Had a dream last night of a good and bad feeling and thought someone’s arms were around my shoulders as I slept but woke and found nothing. I wondered if I am a fallen woman and have found that perfume as a sign. But then I think of all Mama’s sayings and Bible stories, and I think if I were that kind of woman I would have been glad to find the perfume and the little jar of rouge which I looked up in the Dictionary book and I know is face paint. No, I ’spose I am not that kind, but then why did I like the feeling of dreaming about those arms?

January 10, 1882

Two children, ages nine and eleven, died in one family of the flux. Their Mama is real poorly and will probably join them, but we are not stopping so she will not be buried near them and she is very sad at that. They are the Raalle family, whose Papa I talked to before. We are scared this is cholera but Sergeant Miller said no, he’s seen cholera and it is much worse. This is trail fever.

January 11, 1882

No one it seems has any idea about what I did that rainy night. I am glad. At least Captain Elliot has remained gentlemanly and not spread word around. That other fool soldier who thinks he is partners with Doc Holliday came around again and I told him if he didn’t leave me alone I was going to throw boiling water on him, and give the stew that made to my dog to eat. Bear got to his feet and growled just as if I had asked him to, and he won’t be back, I’m sure. Bear is a black dog big enough to pick his teeth with the likes of that boy.

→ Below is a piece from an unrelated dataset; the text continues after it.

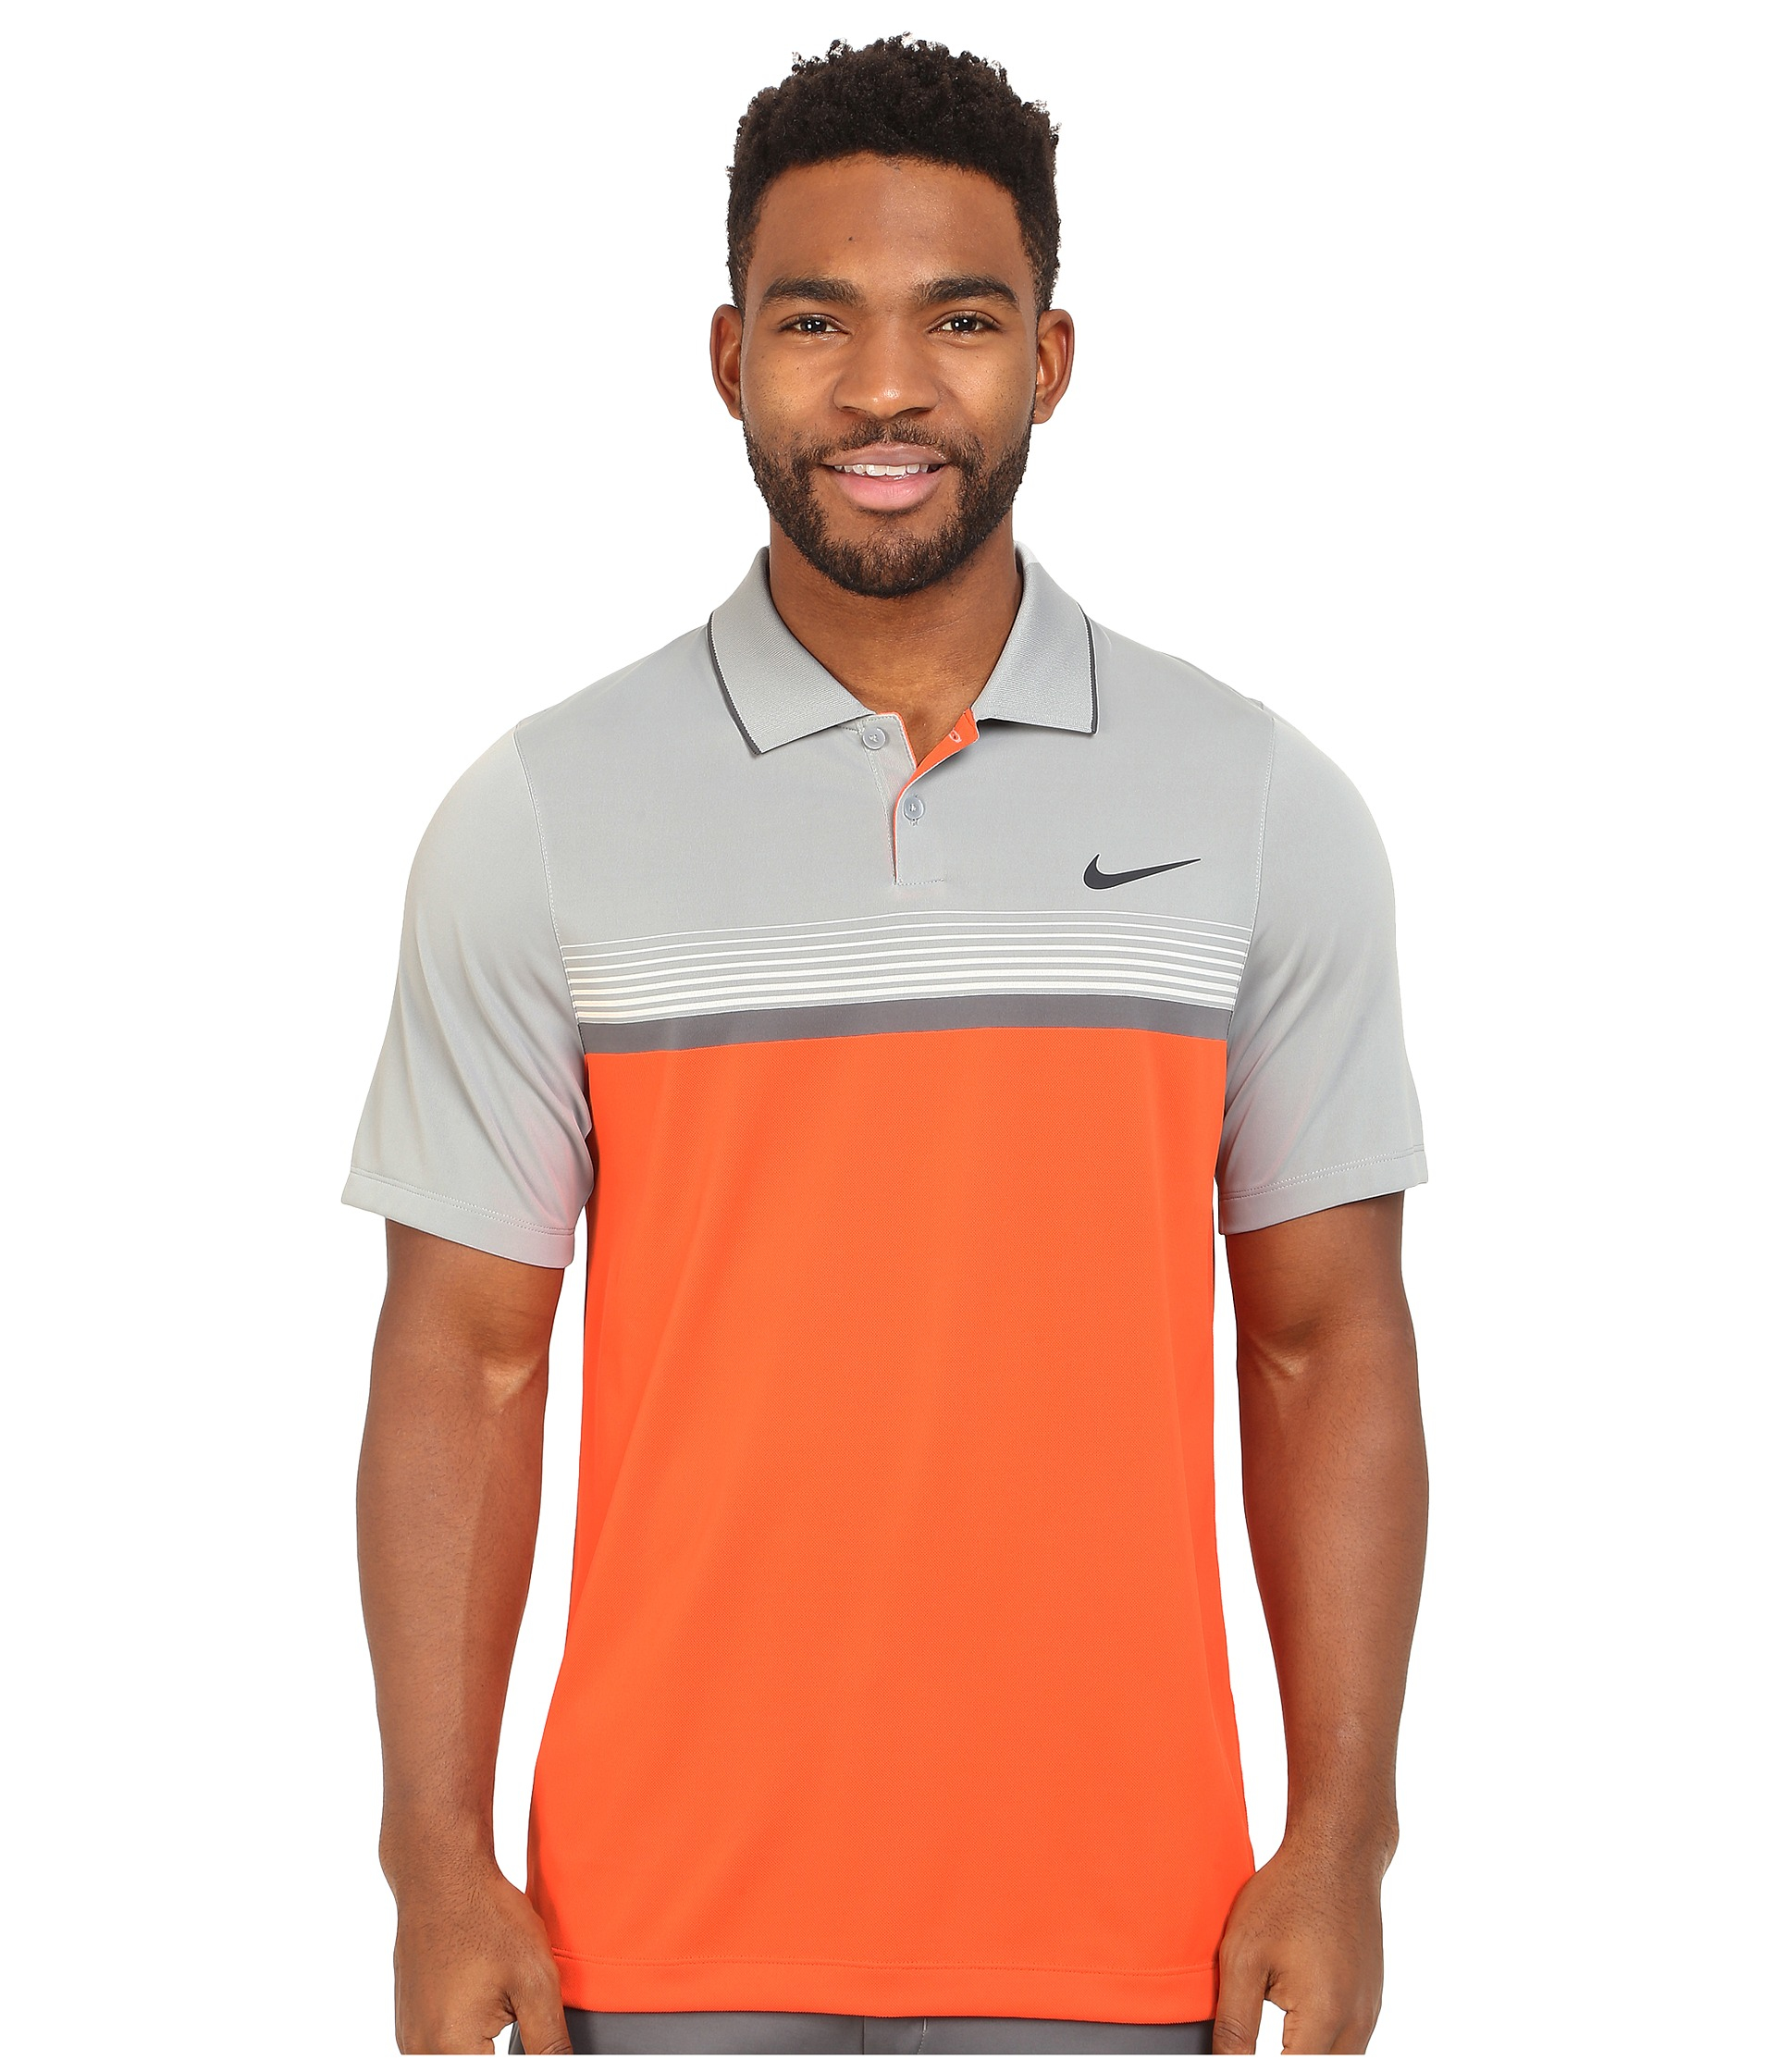 orange and gray nike shirt

Every morning for the last week I have found our two pails full of oats and the scraps of a sheaf of hay near my horses. And Rose looks all brushed and shiny. There are comb marks on her thick winter coat. It’s like someone is feeding them and tending Rose specially, but I don’t know who. I asked Albert did he get around early and tend my stock for me but he said no, and Ernest doesn’t get up before me regular. It is a puzzle but it makes my morning easy.

El Paso is in our sights and we will lay over in the town for two days and put up dry goods. Harland was pestering me today and wants to ride Rose, so I told him all right. He rode right alongside my wagon for a while and asked me the silliest questions. All about does Mama miss Papa, and is that why she is so addled, and did I think she loved Papa? Then he wanted to know would she marry again, and if she had someone to take Papa’s place maybe would she be right again and happy?

Well, I told him I don’t know, maybe if a fellow came along who was real good to her, she might. This made me feel sad, and I never thought about all that before. Sure Mama loved Papa, weren’t they always together, taking care of us?

Then he asked me a whole bunch of questions about how a fellow went courting, and what should he do, and what should he say, and what if the lady didn’t like him, what should he do then?

Well, I don’t know those things but I tried to tell him to just wash his face and hands and comb his hair, be an honest man and a good sport and kind hearted to her feelings, and if she doesn’t like him he has got to go slow, and bring her some flowers and such and tip his hat.

He wants to know does a fellow have to be real old, older than the lady, old as Albert, and how old was Mama and how old was Papa, and I said I didn’t know for sure, and he asked again but I can’t figure it. He got real quiet and thoughtful, and then after a while he rode off and I didn’t see him until we stopped for supper that evening. I ’spose he has found a little girl to spark and there will be no prairie flowers in Texas after this winter.

 

January 13, 1882

We are stuck here near El Paso and I am tired of this town and glad we will be pulling out tomorrow. Daytimes are pretty but the nights here are dreadful cold.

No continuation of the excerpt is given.